We used the self-spreading phenomenon, which is a self-organizing process
that forms a cell membrane at a solid-liquid interface, to fabricate the
artificial cell membrane microarray. Our method is unique in that the position
of the self-spreading is controlled with a hydrophilic/hydrophobic pattern
[1]. According to the designed pattern, a self-spreading membrane starting
from a macroscopic area was guided to the microarray structure without
mixing with membranes in the different areas. We succeeded in fabricating
10-µm-width parallel lines, each filled with an artificial cell membrane
with a unique composition, at 5-µm intervals (color frontispiece).

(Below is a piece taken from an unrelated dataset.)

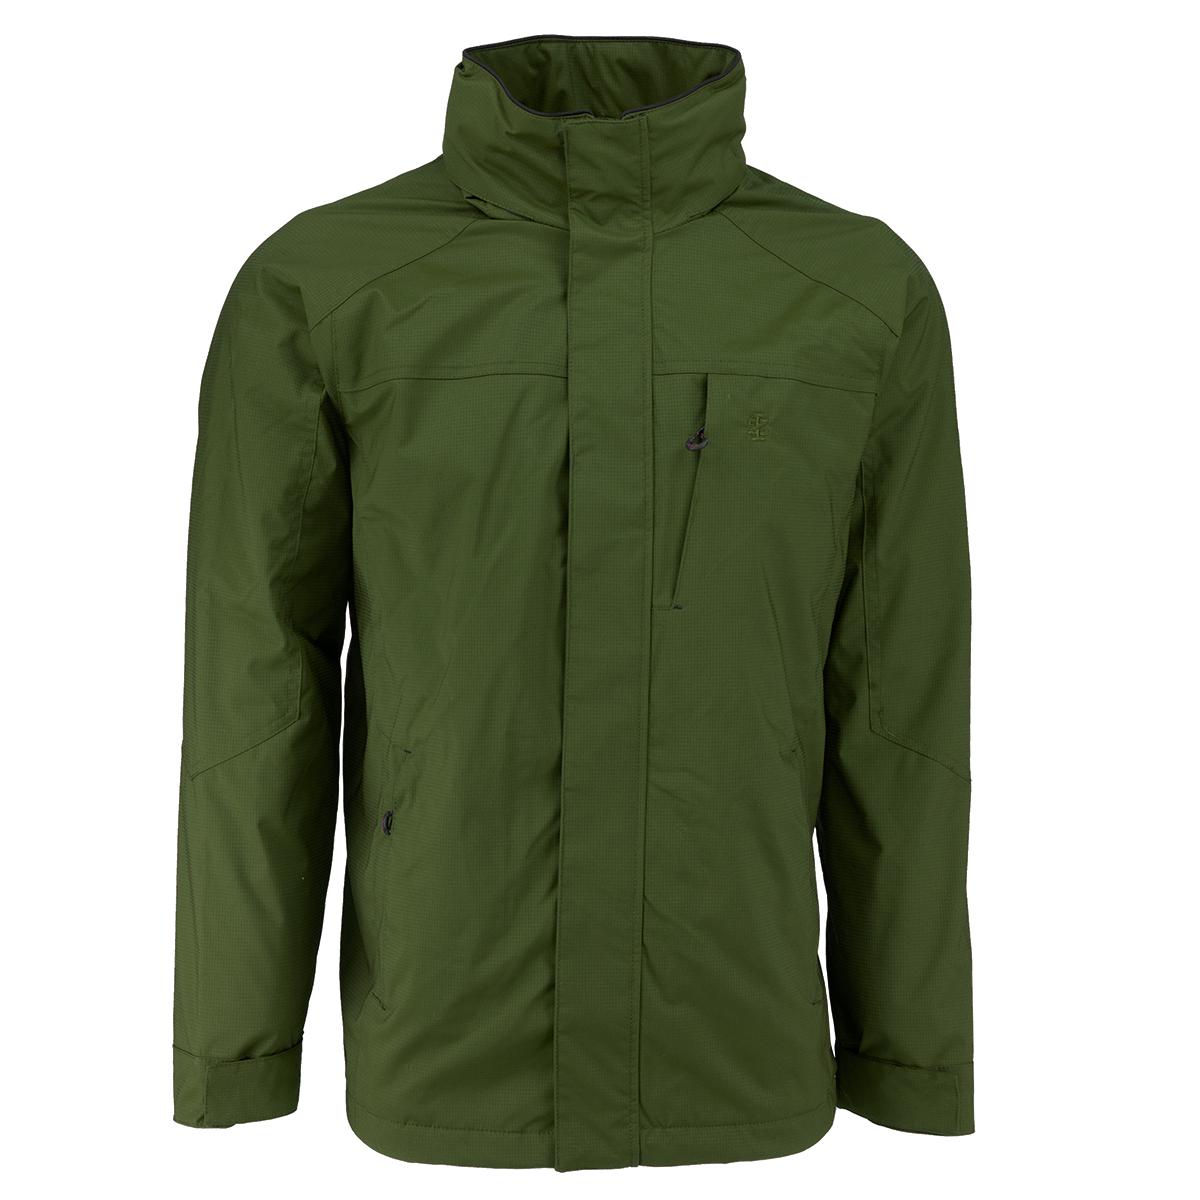 IZOD-Men-039-s-Midweight-Polar-Fleece-Lined-Jacket thumbnail 21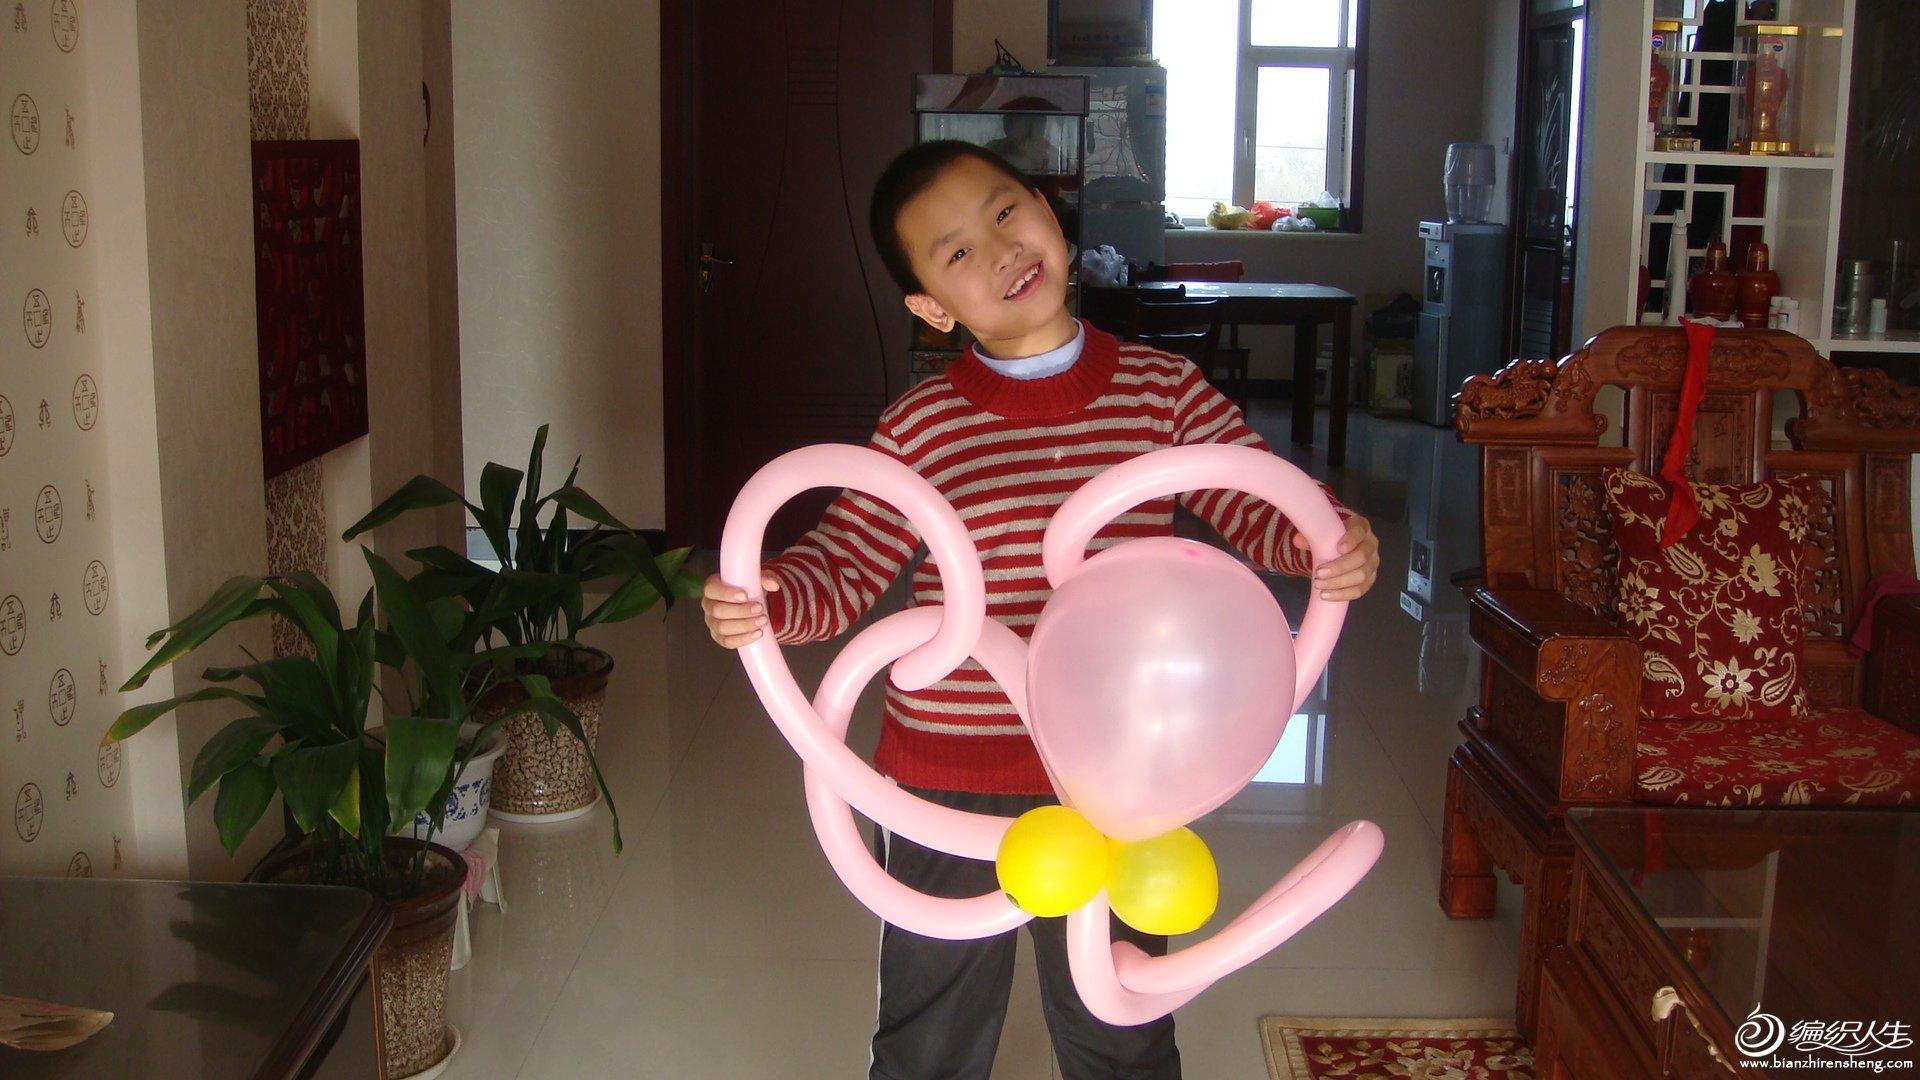 今年秋天织的,现在我儿子穿正好,章鱼我老公做的

Structures obtained with our new technique are in principle more than 100
times more highly integrated than previously reported structures that employ
the vesicle fusion technique on patterned surfaces [2].
To demonstrate the validity of the microarray for biosensing applications, we fabricated a composition microarray, part of which contained biotin-conjugated lipid. Figure 1 shows fluorescence images of the array that were recorded (a) before and (b) after it was immersed in Texas Red conjugated streptavidin solution. Red fluorescence, which originates from Texas Red, was observed only in the lines containing biotin-conjugated lipids after 90 min, as shown in Fig. 1(b). This is due to the specific binding between biotin and streptavidin. Since the red fluorescence from the lines without biotin is limited, the microarray is valuable for biosensing applications.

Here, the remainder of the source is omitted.